On Thursday, June 20, the Iran Revolutionary Guard Corps Navy (IRGCN) shot down an unarmed U.S. surveillance drone, nearly igniting open conflict between the United States and Iran. The $180 million U.S. Navy RQ-4A Global Hawk was struck by an Iranian Islamic Revolutionary Guard Corps (IRGCN) surface-to-air missile launched from near Goruk, Iran. With strained relations over new U.S. sanctions against the regime and coming after weeks of drama over evidence suggesting Iran was emplacing limpet mines on commercial oil tankers in the Strait of Hormuz, the incident caused President Trump to order – and then to abruptly cancel – strikes against Iranian military facilities. After first promising quick retaliation, President Trump took a step back, stating, “ have a feeling — I may be wrong and I may be right, but I’m right a lot — I have a feeling that it was a mistake made by somebody that shouldn’t have been doing what they did.”

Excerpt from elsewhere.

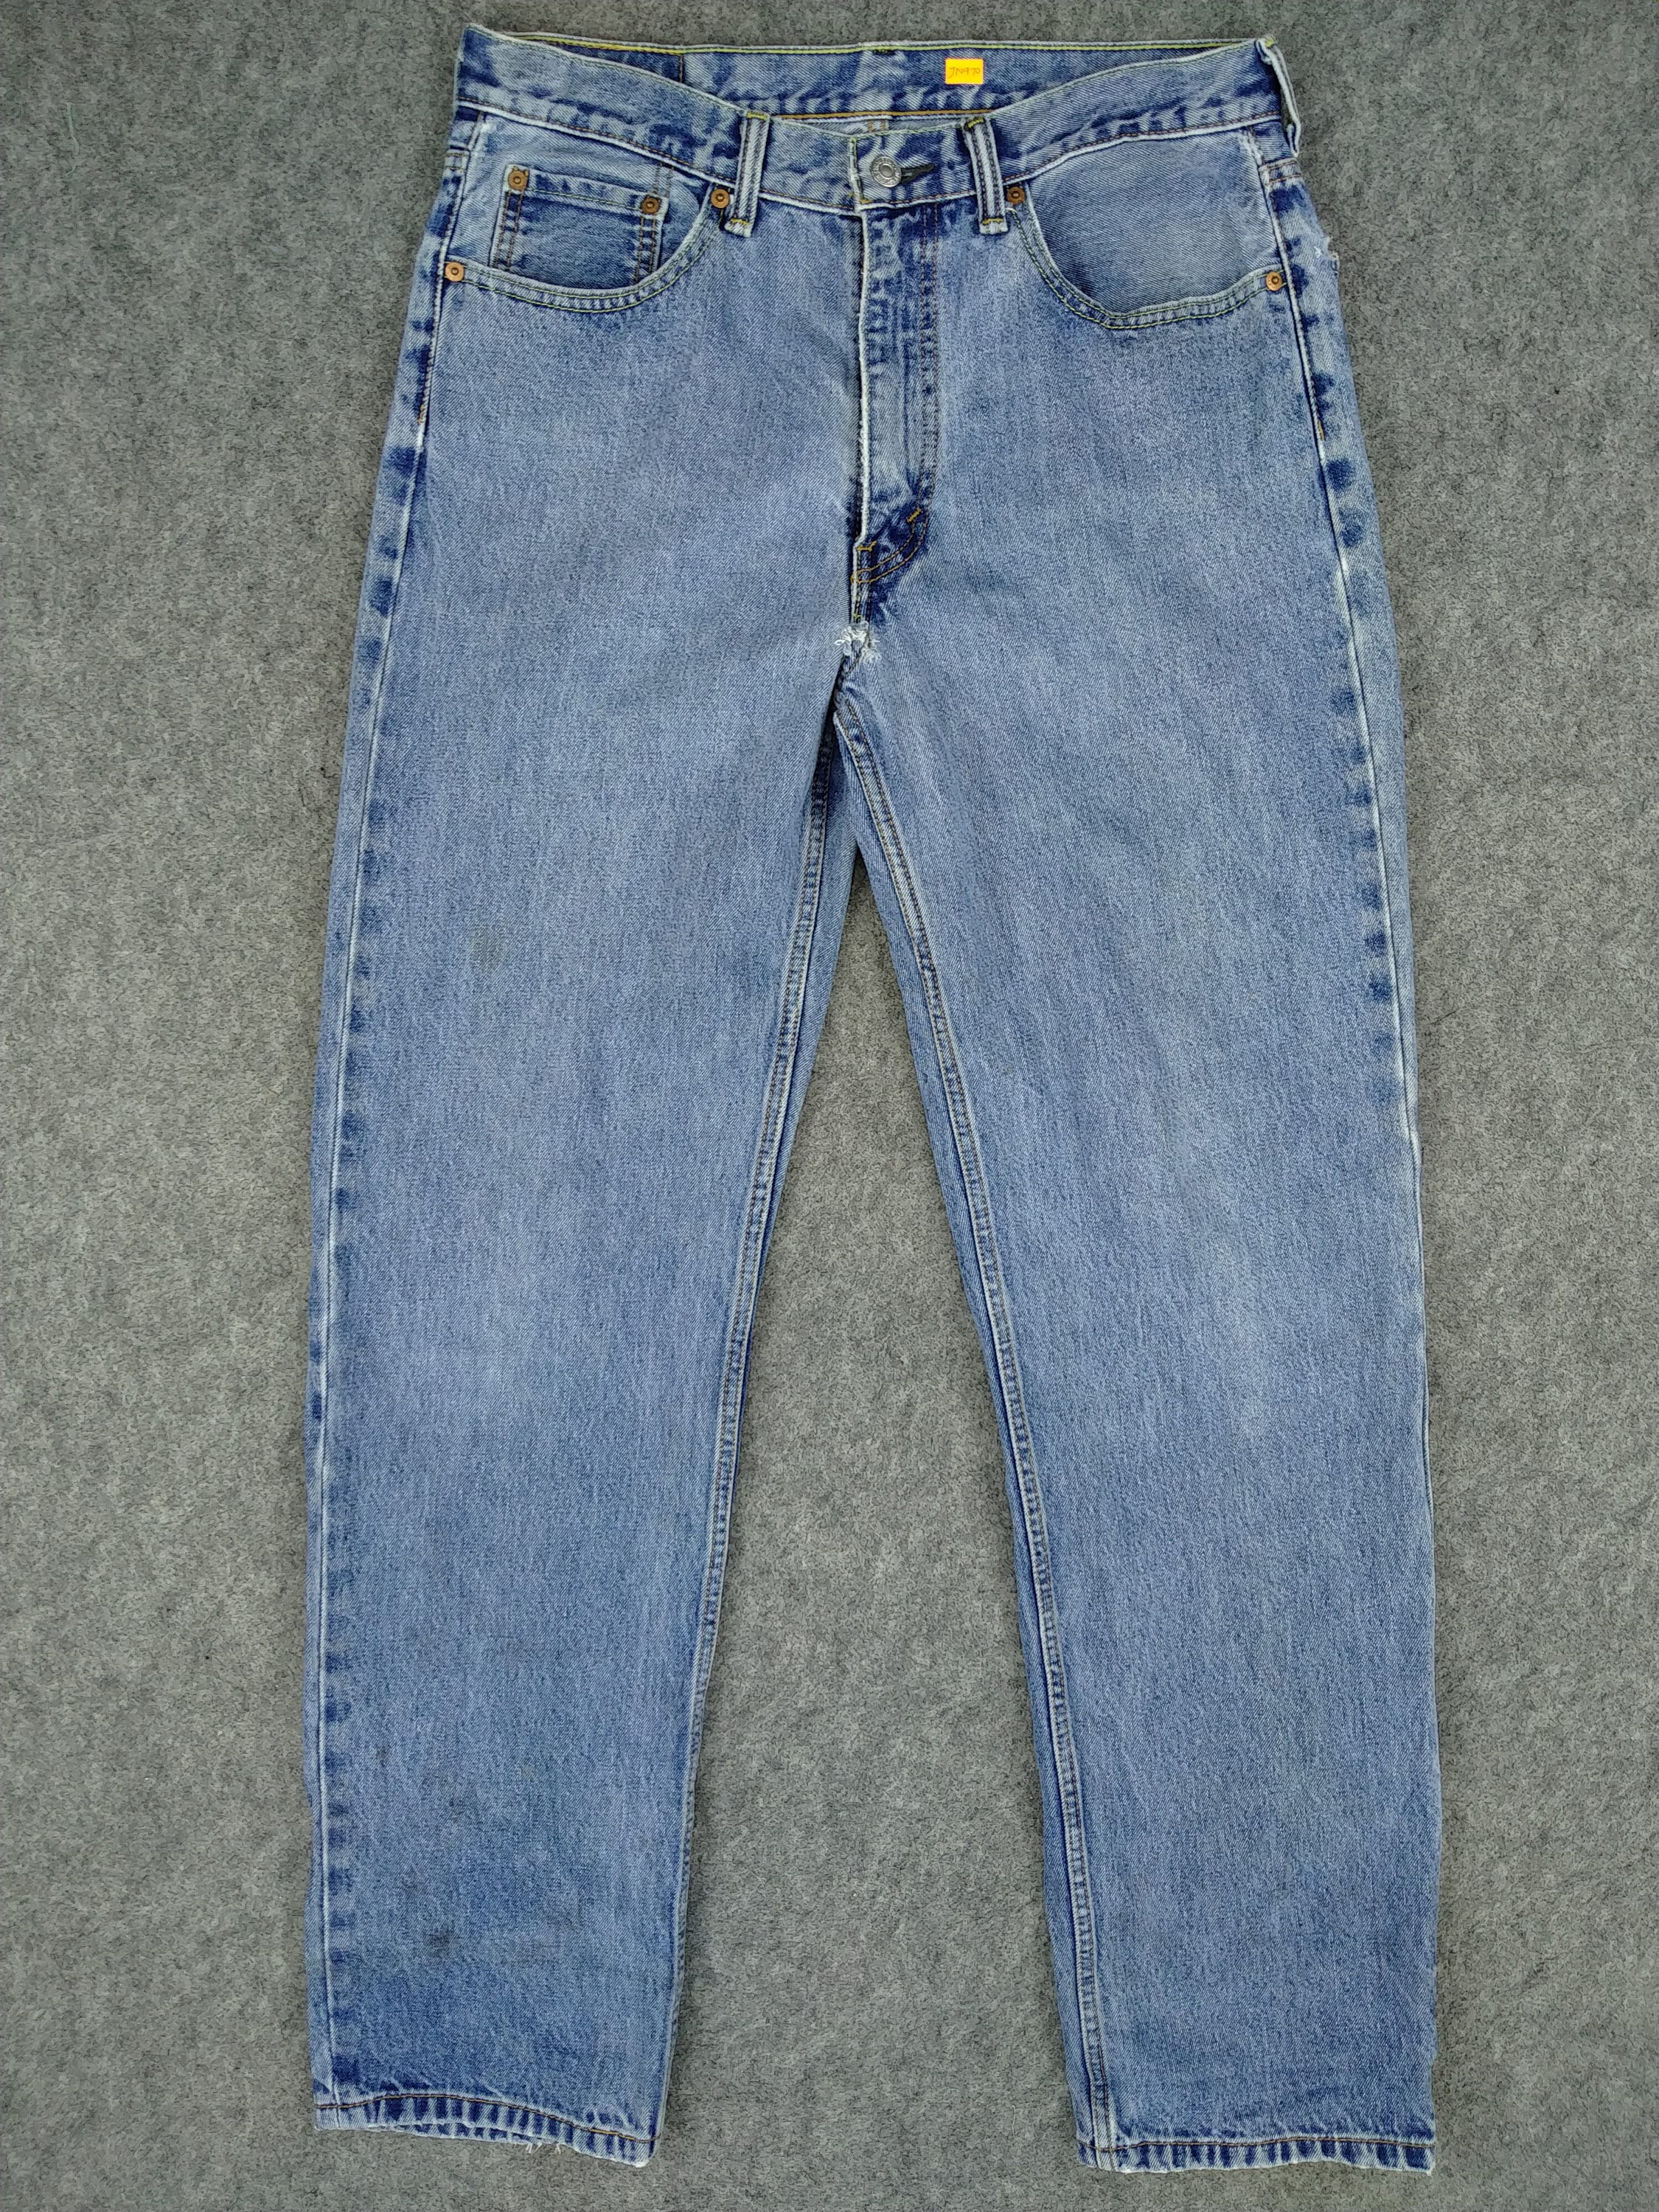 Vintage Levi's 550 Jeans 34x31 Light Wash Denim Red Tab Faded Denim Grunge Style Vintage Denim Unisex Jeans

Apparently, the decision to cancel the counterattack was made because U.S. intelligence assessed that the shootdown was made by a local IRGCN commander and was not sanctioned by the regime in Tehran. Intelligence reports suggest that the Iranian regime was “furious” with the wayward commander’s decision to attack the drone, and the U.S. President deescalated the situation.

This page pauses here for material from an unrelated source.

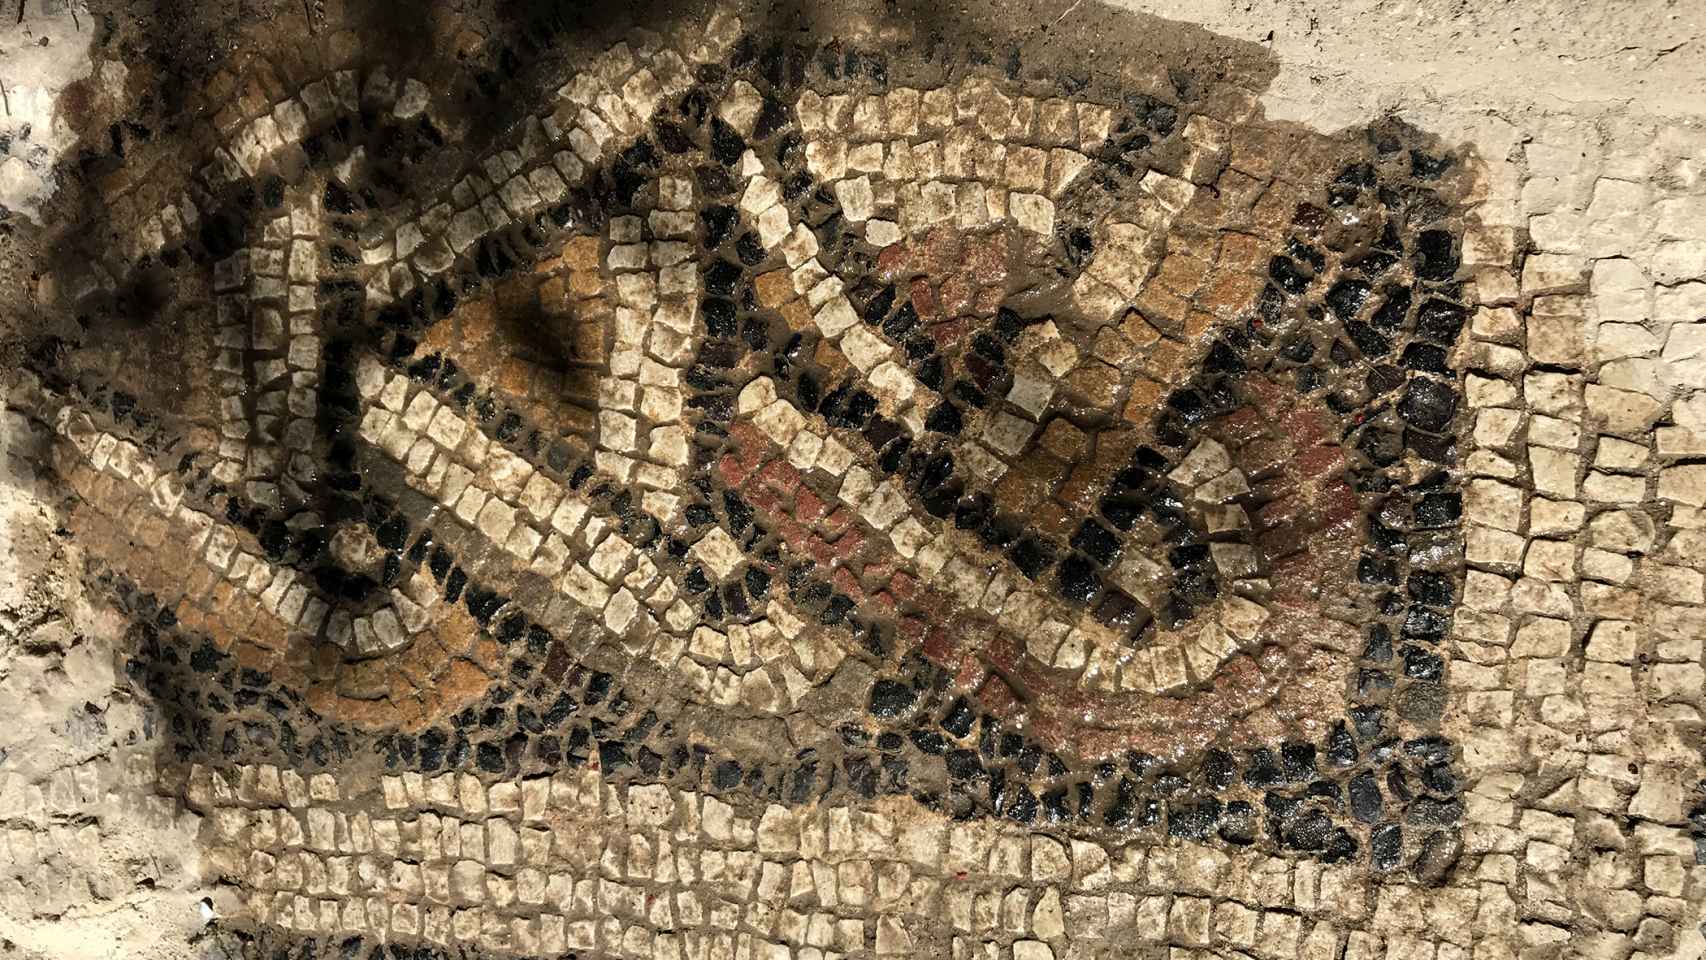 Detalle del mosaico encontrado en El Altillo.

The U.S. has suffered decades of Iranian violations of the freedom to transit through and above the oceans near Iran. The IRGCN appears as a matter of policy to selectively harass foreign commercial and naval ships conducting lawful transit in the Strait of Hormuz, and in 2016 it unlawfully detained two U.S. small boats and their crews, which were exercising innocent passage in Iranian territorial seas. Yet the recent shootdown of the U.S. drone likely arose from a lack of understanding of international aviation law and Iran’s rights and responsibilities as a party to the 1944 Convention on Civil Aviation (the Chicago Convention) and the rules promulgated by the International Civil Aviation Organization (ICAO).